Task description —
Exercise in exact copying: restate word for word only the lines below from the one containing "nerdwallet income tax" through the one containing "136 Rockingham Dr", omitting any pictures.

Source information —

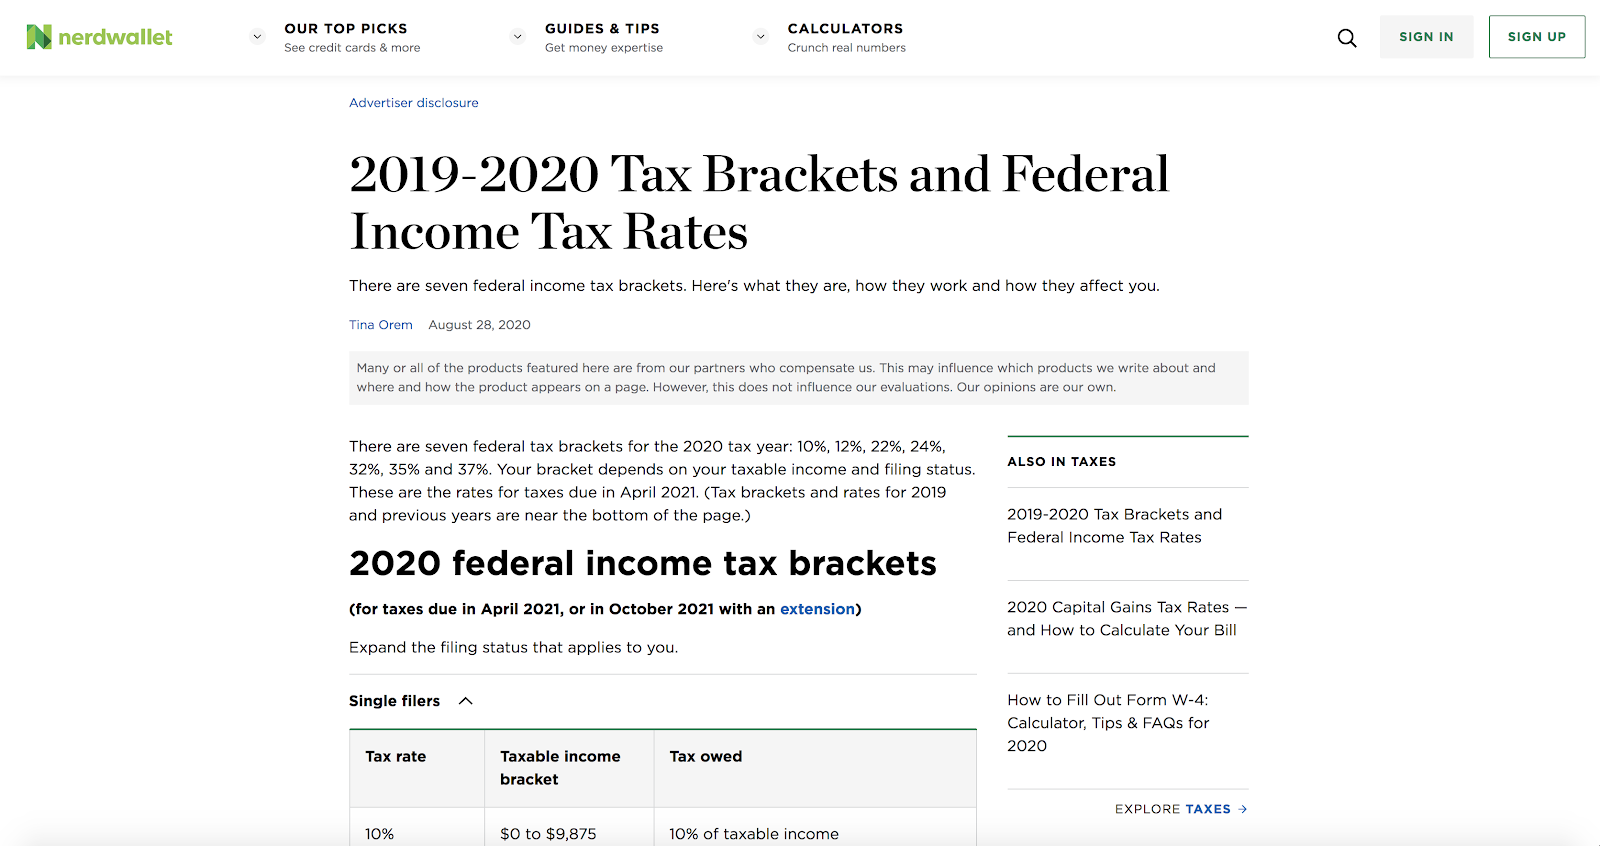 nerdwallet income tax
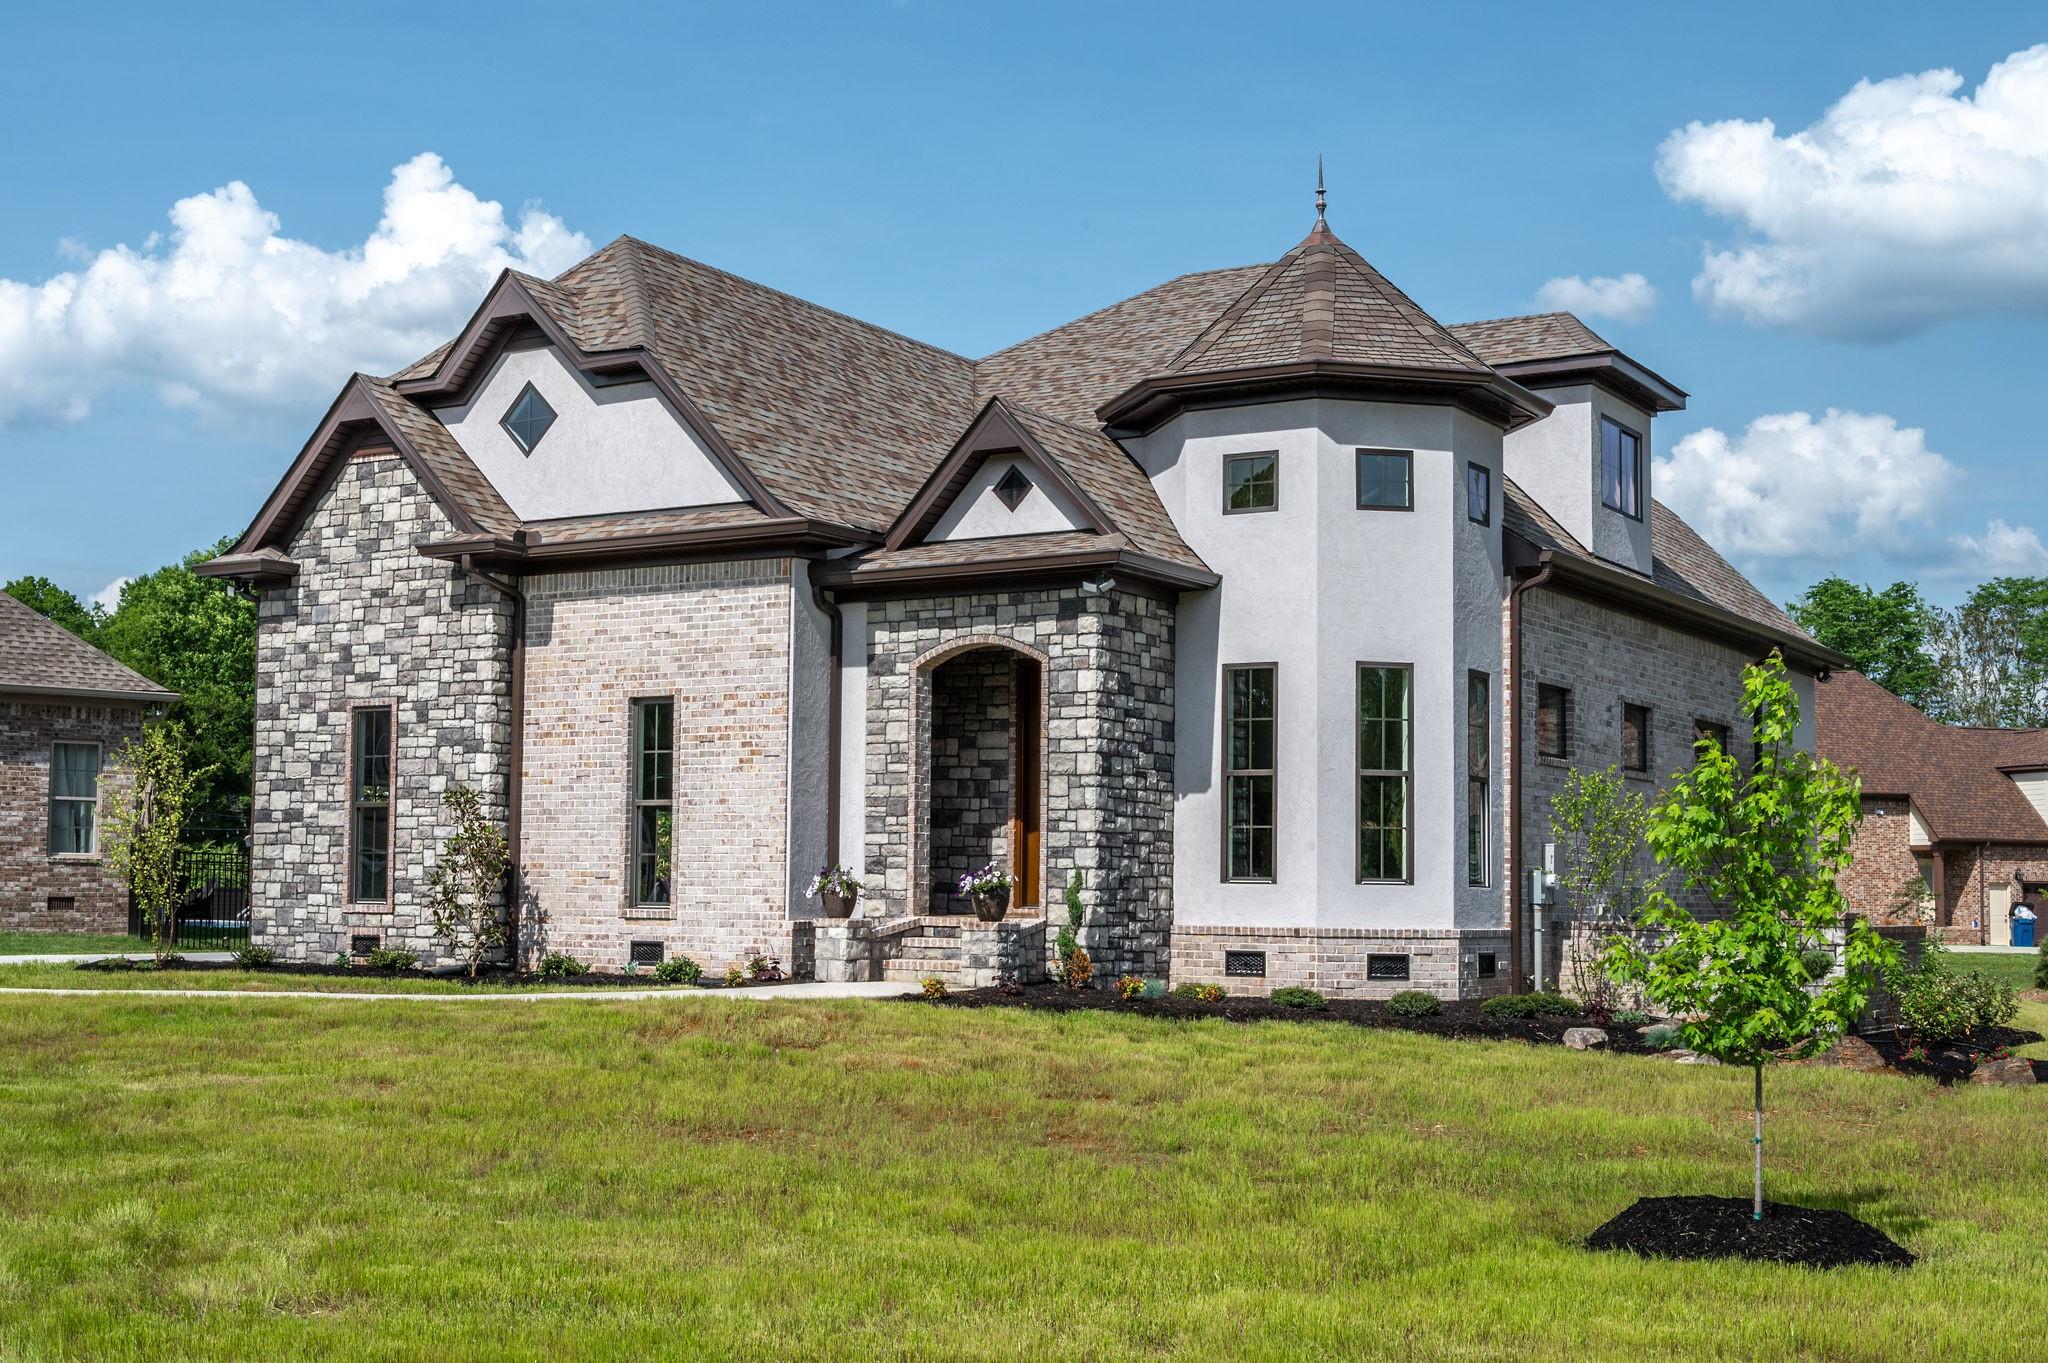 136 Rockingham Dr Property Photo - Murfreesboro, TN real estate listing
==
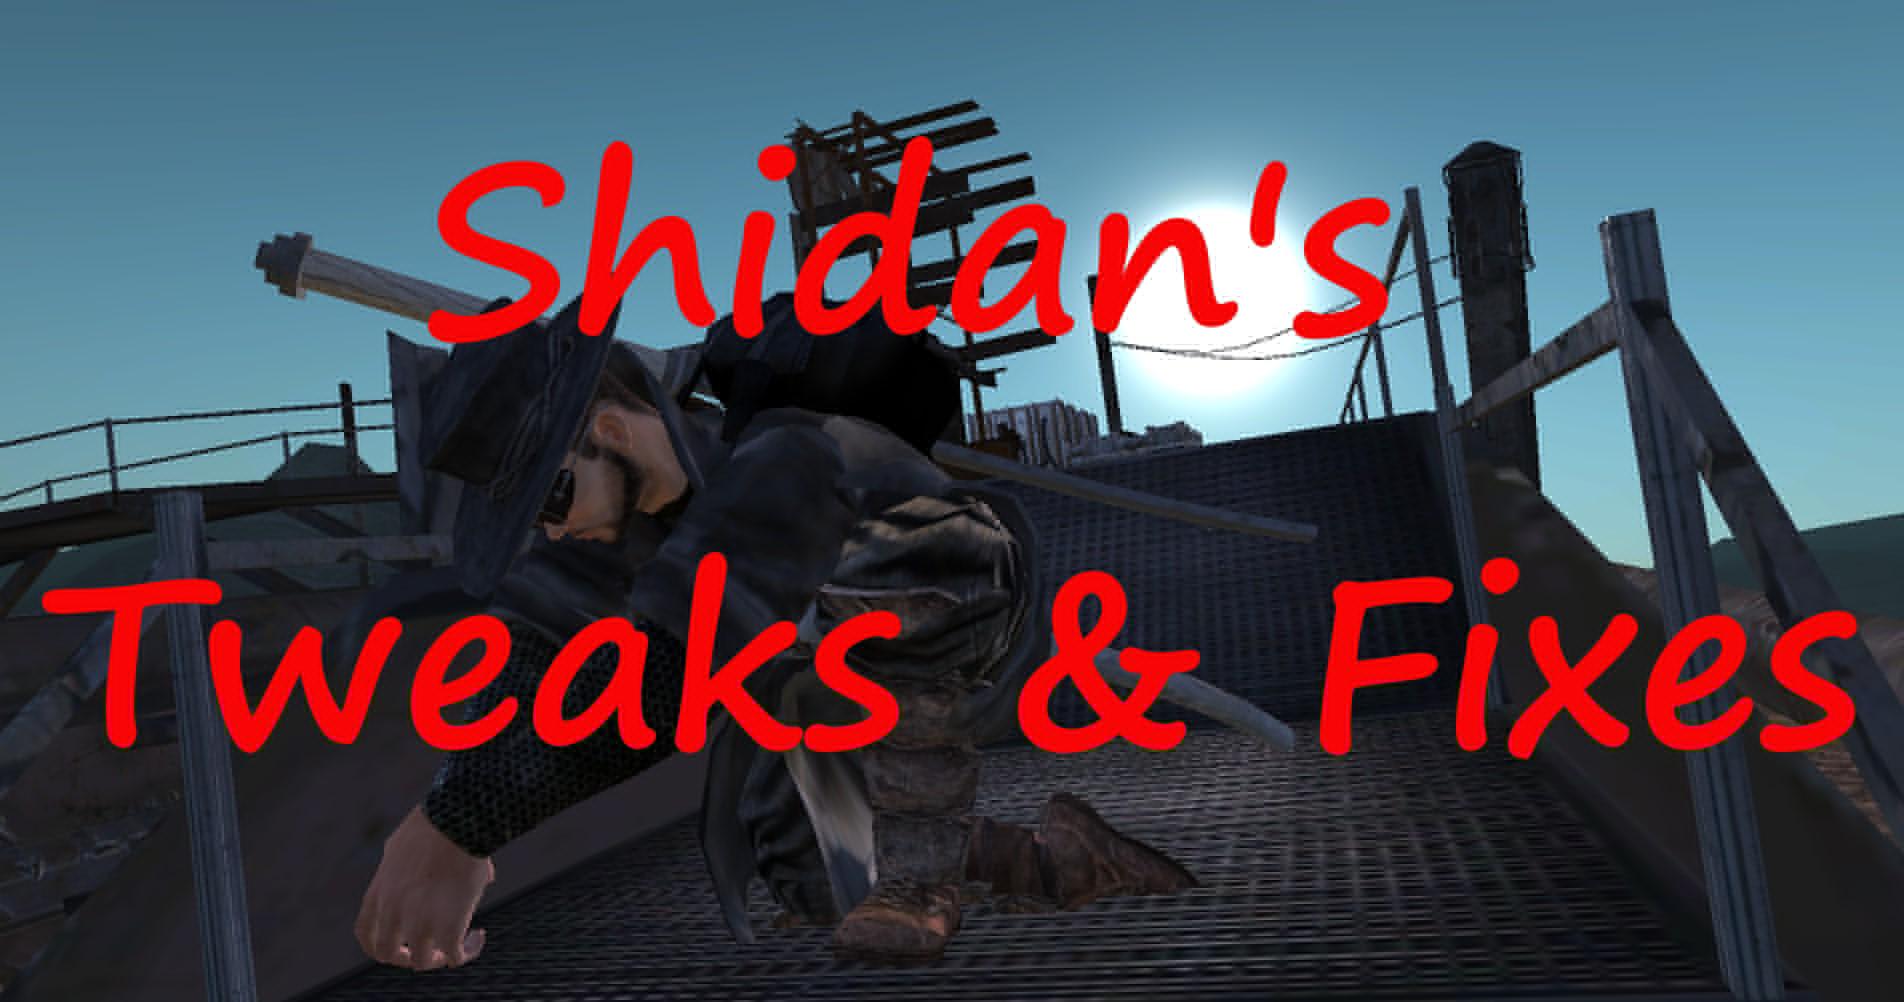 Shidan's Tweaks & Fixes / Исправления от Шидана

Answer to this task —
 nerdwallet income tax
 136 Rockingham Dr Property Photo - Murfreesboro, TN real estate listing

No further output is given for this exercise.